● Recorded data:
++++++++++

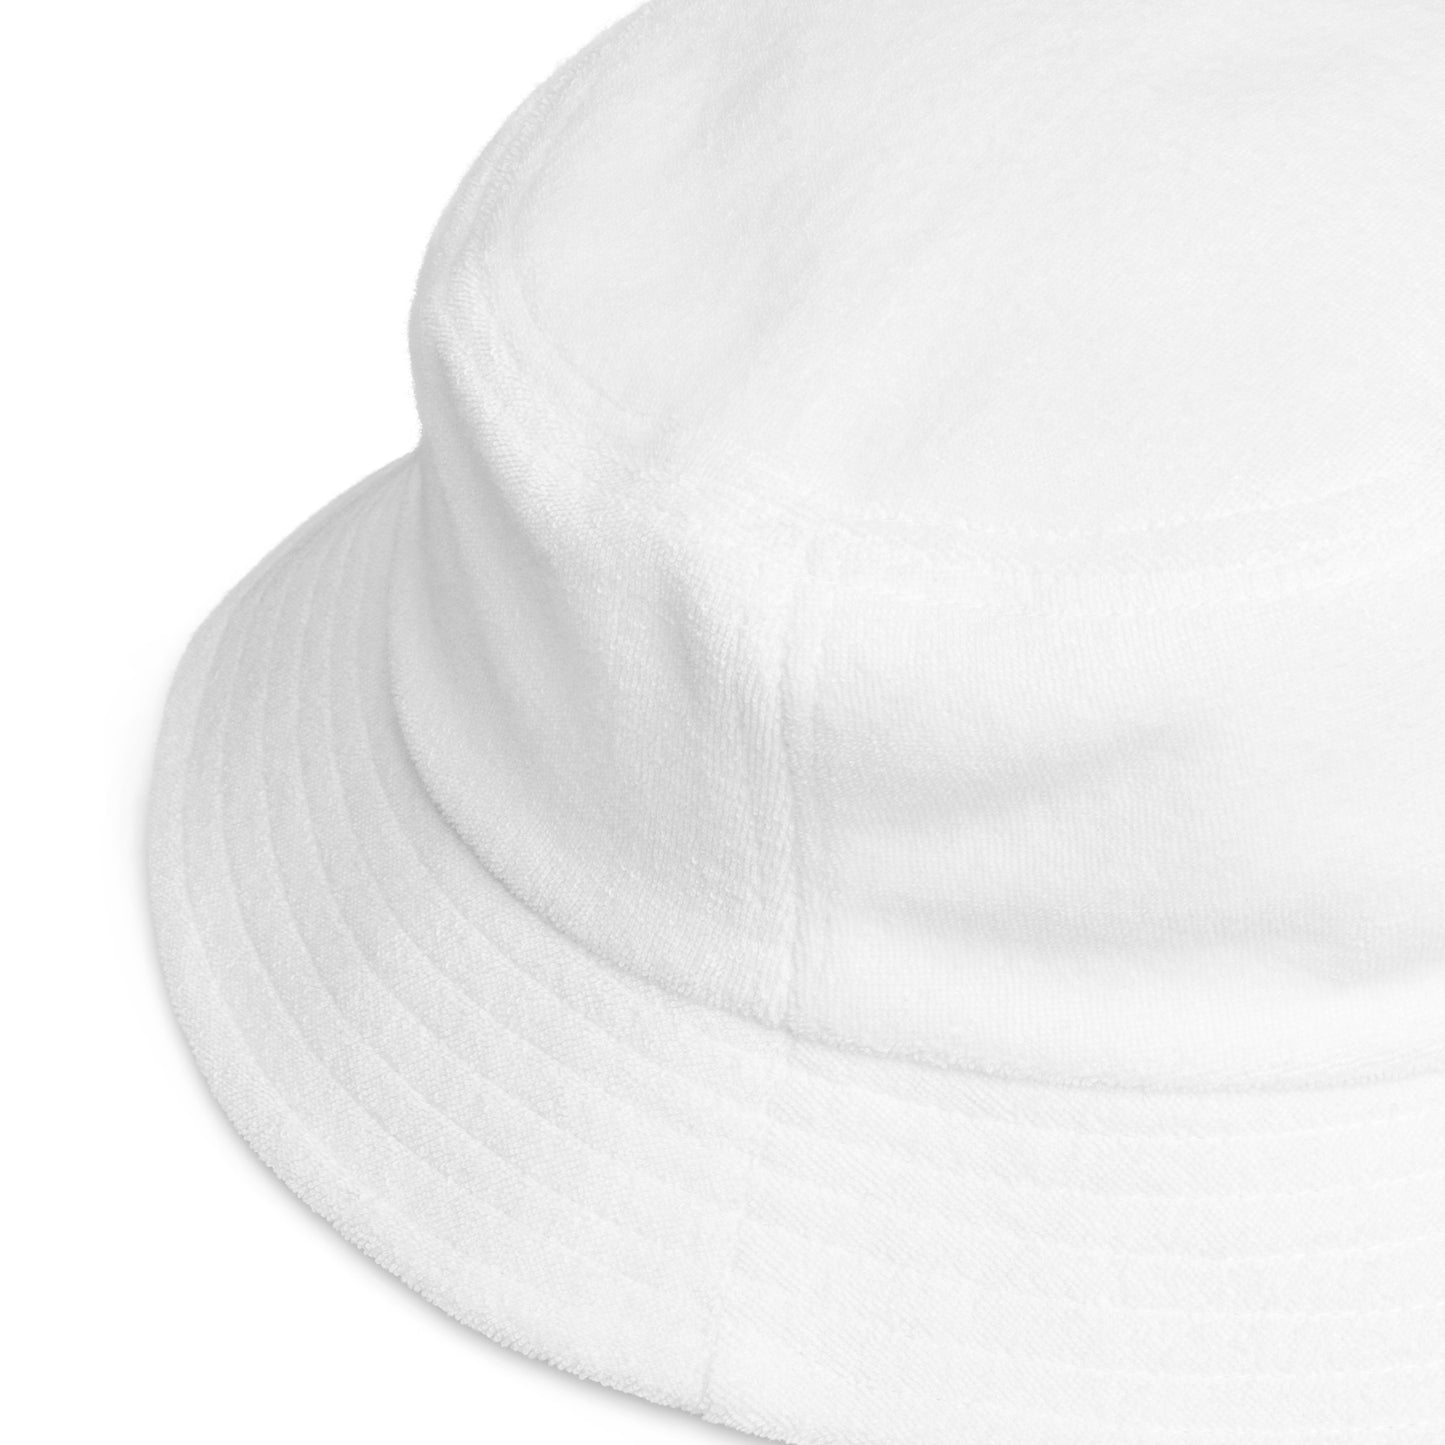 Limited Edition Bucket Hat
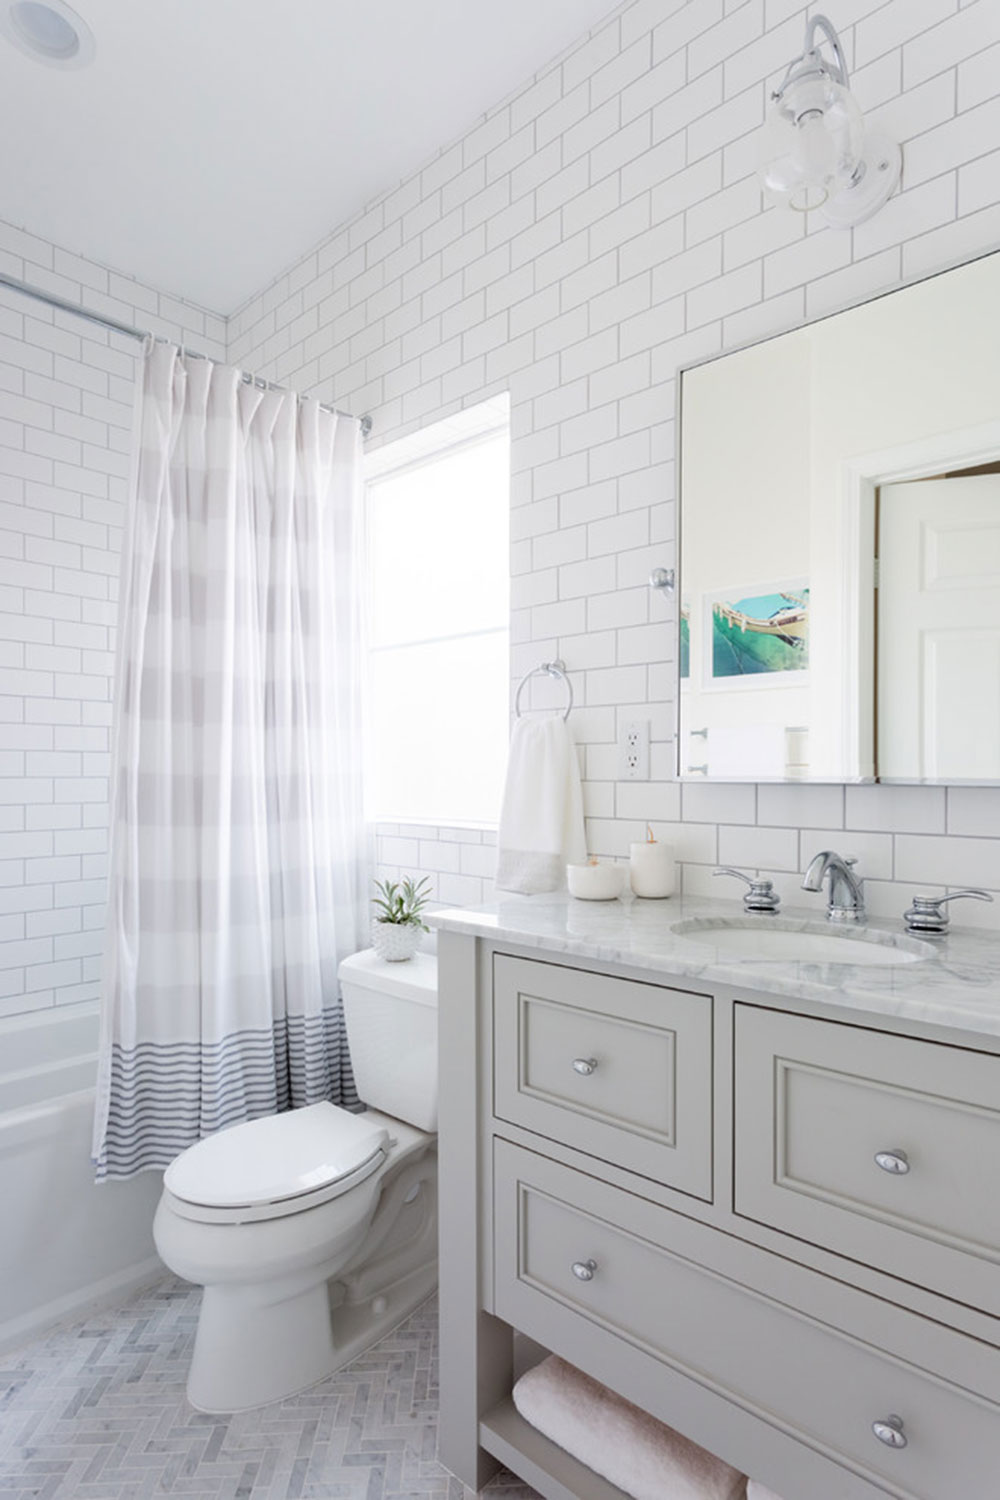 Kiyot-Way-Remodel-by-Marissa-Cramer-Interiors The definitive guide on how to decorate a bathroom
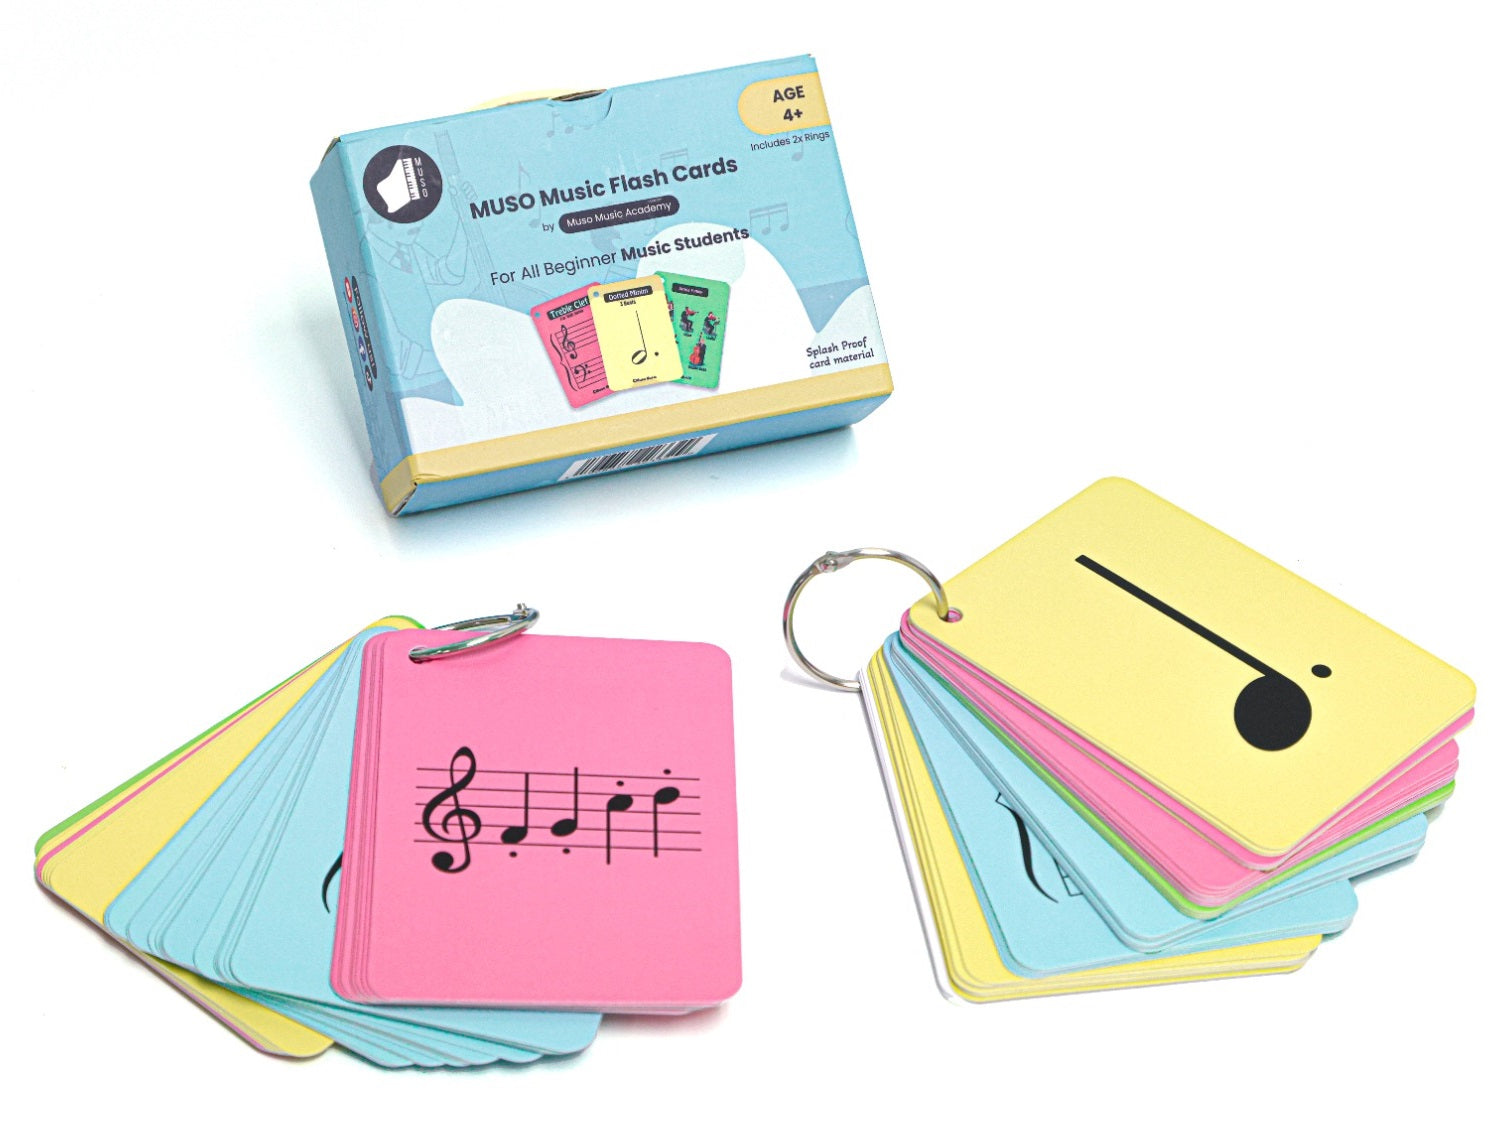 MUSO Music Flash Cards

++++++++++

● Instructions for the task:
Output nothing but the lines from the one containing "Kiyot-Way-Remodel-by-Marissa-Cramer-Interiors The definitive" to the end of the listing, both ends included, reproduced exactly. Pictures stay out.

● Answer section:
 Kiyot-Way-Remodel-by-Marissa-Cramer-Interiors The definitive guide on how to decorate a bathroom
 MUSO Music Flash Cards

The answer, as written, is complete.